Abstract
Background
Pseudomonas aeruginosa (P.aeruginosa) is a leading nosocomial gram-negative pathogen associated with prolonged hospitalization, morbidity and mortality. Limited data exist regarding P.aeruginosa infection and outcome in patients managed in intensive care units (ICUs). We aimed to determine the risk factors, antimicrobial susceptibility pattern and patient outcomes of P.aeruginosa infection.
Methods
In this matched case-control study, all P.aeruginosa infections that occurred >48 hours after hospital admission between January 31st 2016 and December 31st 2018 at ICUs affiliated with King Abdulaziz Medical City, Riyadh were included.
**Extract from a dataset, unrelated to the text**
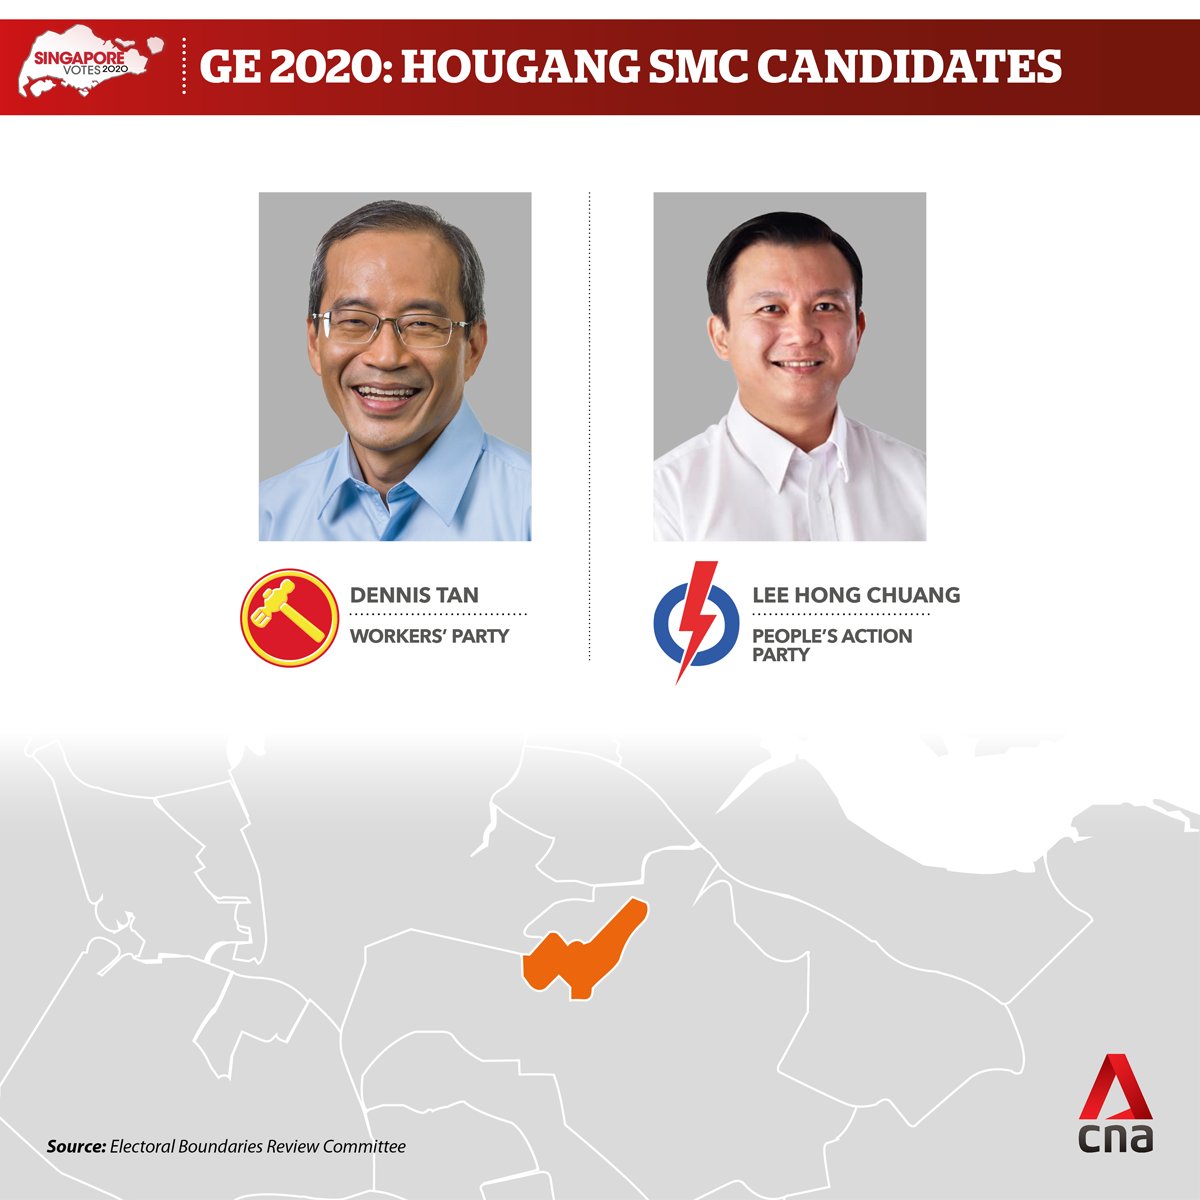  #GE2020  : Dennis Tan will take on PAP contender Lee Hong Chuang as he defends WP's seat in Hougang SMC  https://cna.asia/3ilTCkf 

P.aeruginosa bacilli was confirmed using API 20E test and antimicrobial susceptibility using disk diffusion or Epsilometer test.
Results
The study included 90 cases and 90 controls. Compared with controls, cases had significantly higher mean ICU stay days, proportions of patients with previous history of antimicrobial therapy, coronary artery disease, malignancy, hemodialysis, previous surgery, use of central line, urethral catheterization, nasogastric tube, and tracheostomy. In a multivariate conditional logistic regression analysis, factors independently associated with P.aeruginosa infection were ICU duration [Odds Ratio (OR)=9.05,95%CI 2.53-32.27, p=.001], previous surgery (OR=7.33,95%CI 1.66-32.36,p=.009), tracheostomy (OR=11.13,95%CI 1.05-118.59,p=.046), urethral catheterization (OR=7.38,95%CI 1.21-45.11,p=.030) and aminoglycoside drug class (OR=10.59,95%CI 1.14-98.13,p=.038). Of antimicrobial drugs used, highest proportion of resistance was calculated for patients receiving tigecycline (93.3%). Mortality was high in both groups but did not differ significantly: 54(60%) cases and 51(56.7%) controls; p=.650.
Conclusions:
The study identifies several modifiable factors associated with P.aeruginosa infection in ICUs. These factors are of paramount relevance for case identification, control measures, and optimal treatment strategies of P.aeruginosa infection in ICUs.